Exercise 6.15 Prove (6.21) for:

Continuous random variables.
Random variables.

Exercise 6.16 Derive (6.20) and, using it, prove that

\[\begin{align*} F_X(x)<F_Y(x)\text{ for all } x\in \mathbb{R}\implies\mathbb{P}[X\geq Y]\geq 0.5. \end{align*}\]

Show that $\mathbb{P}[X\geq Y]>0.5$ is verified if, in addition, $F_X(x)<F_Y(x)$ for $x\in D,$ where $\mathbb{P}[X\in D]>0$ or $\mathbb{P}[Y\in D]>0.$ You can assume $X$ and $Y$ are absolutely continuous variables.

Exercise 6.17 Derive additional counterexamples, significantly different from those in Figures 6.9 and 6.10, for the erroneous claims

$\mu_X>\mu_Y \implies \mathbb{P}[X\geq Y]>0.5;$
$m_X>m_Y \implies \mathbb{P}[X\geq Y]>0.5.$

Exercise 6.18 Verify (6.24) numerically in R with $X$ and $Y$ being continuous random variables. Do so by implementing functions for the test statistics $U_{n,m;\mathrm{MW}}$ and $U_{n,m;\mathrm{W}}.$ Check also that (6.24) is not necessarily satisfied when the samples of $X$ and $Y$ have ties.

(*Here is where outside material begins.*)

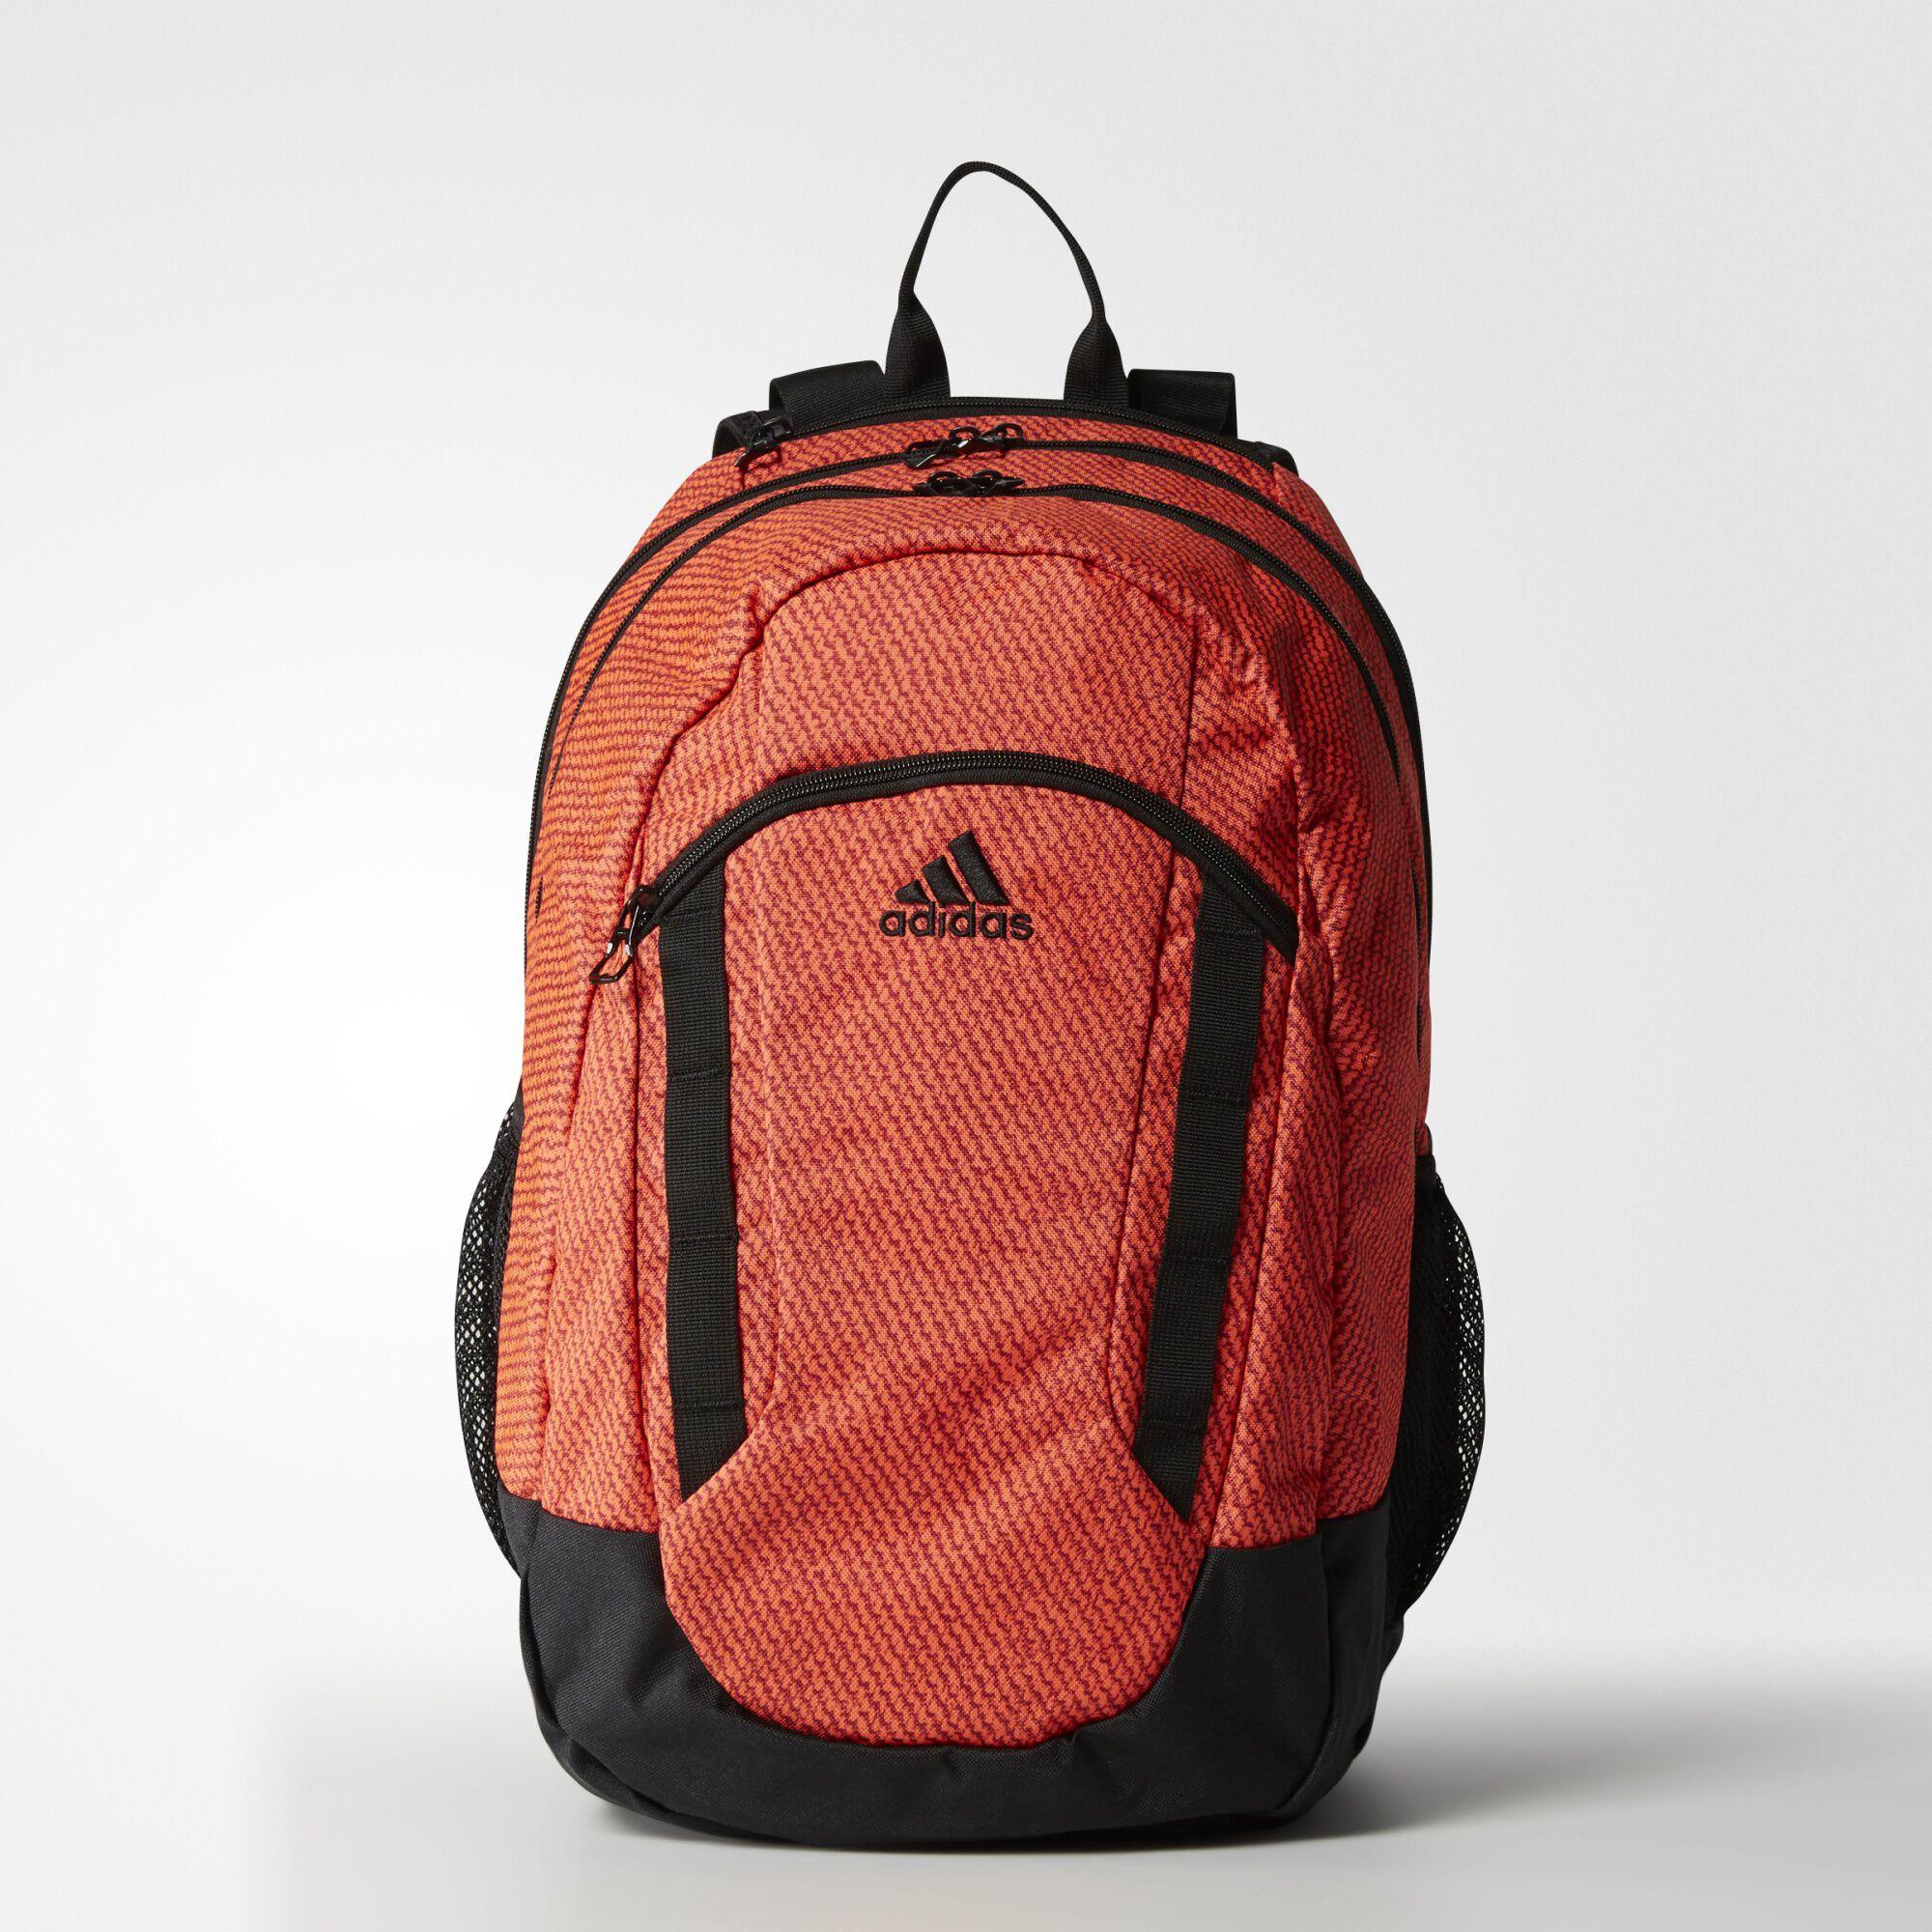 05e9b2e71277 Buy adidas bookbag brown   OFF69% Discounted

6.2.2.2 Wilcoxon signed-rank test

Wilcoxon signed-rank test adapts the Wilcoxon–Mann–Whitney test for paired measurements $(X,Y)$ arising from the same individual.

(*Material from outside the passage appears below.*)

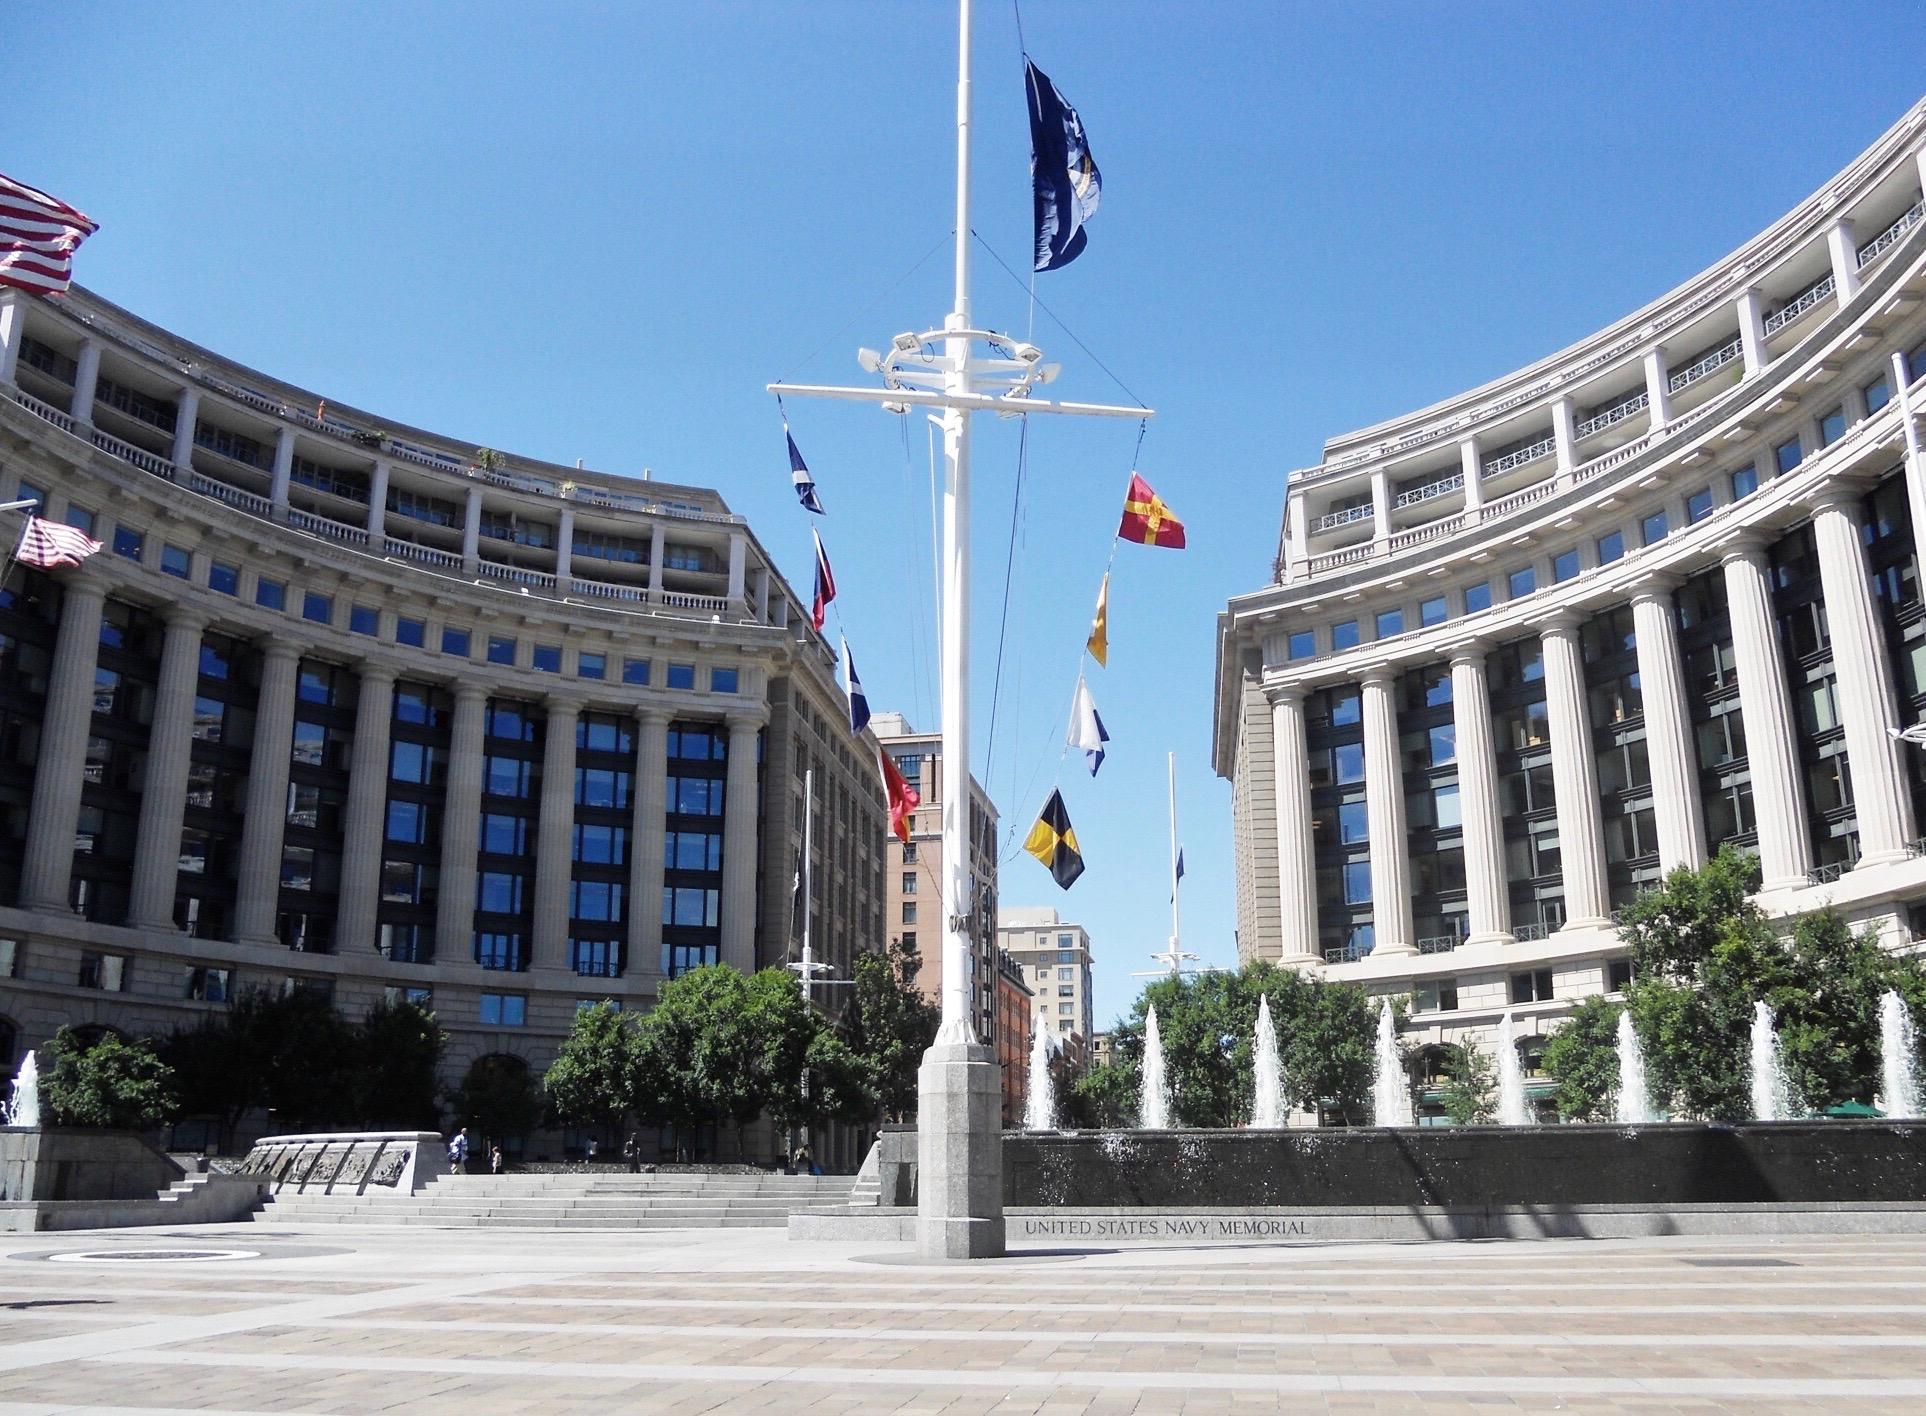 US Navy Memorial Plaza

Test purpose. Given $(X_1,Y_1),\ldots,(X_n,Y_n)\sim F,$ it tests $H_0: F_X=F_Y$ vs. $H_1:\mathbb{P}[X\geq Y]>0.5,$ where $F_X$ and $F_Y$ are the marginal cdfs of $X$ and $Y.$
Statistic definition. Wilcoxon (1945)’s test statistic directly targets $\mathbb{P}[X\geq Y],$²⁵⁵ now using the paired observations, with the (unstandardized) estimator

\[\begin{align} S_n:=\sum_{i=1}^n1_{\{X_i>Y_i\}}.\tag{6.25} \end{align}\]

Values of $S_n$ that are significantly larger than $n/2,$ the expected value under $H_0,$ indicate evidence in favor of $H_1.$
Statistic computation. Computing (6.25) is straightforward.
Distribution under $H_0.$ Under $H_0,$ it follows trivially that $S_n\sim\mathrm{B}(n,0.5).$²⁵⁶
Highlights and caveats. The Wilcoxon signed-rank test shares the same highlights and caveats as its unpaired counterpart. It can be regarded as a “nonparametric paired $t$-test” if both $X$ and $Y$ are symmetric. In this case, it is a nonparametric analogue to the paired $t$-test. Otherwise, it is a nonparametric extension of the paired $t$-test that evaluates if there is a shift in the main mass of probability of $X$ or $Y$ when both are related.²⁵⁷ The test is distribution-free.
Implementation in R. The test statistic $S_n$ and the exact $p$-value are available through the wilcox.test function with paired = TRUE. One must specify alternative = "greater" to test $H_0$ against $H_1:\mathbb{P}[X \boldsymbol{\geq}Y]>0.5.$²⁵⁸ The exact cdf of $S_n$ under $H_0$ is available in psignrank.

The following code exemplifies how to carry out the Wilcoxon signed-rank test.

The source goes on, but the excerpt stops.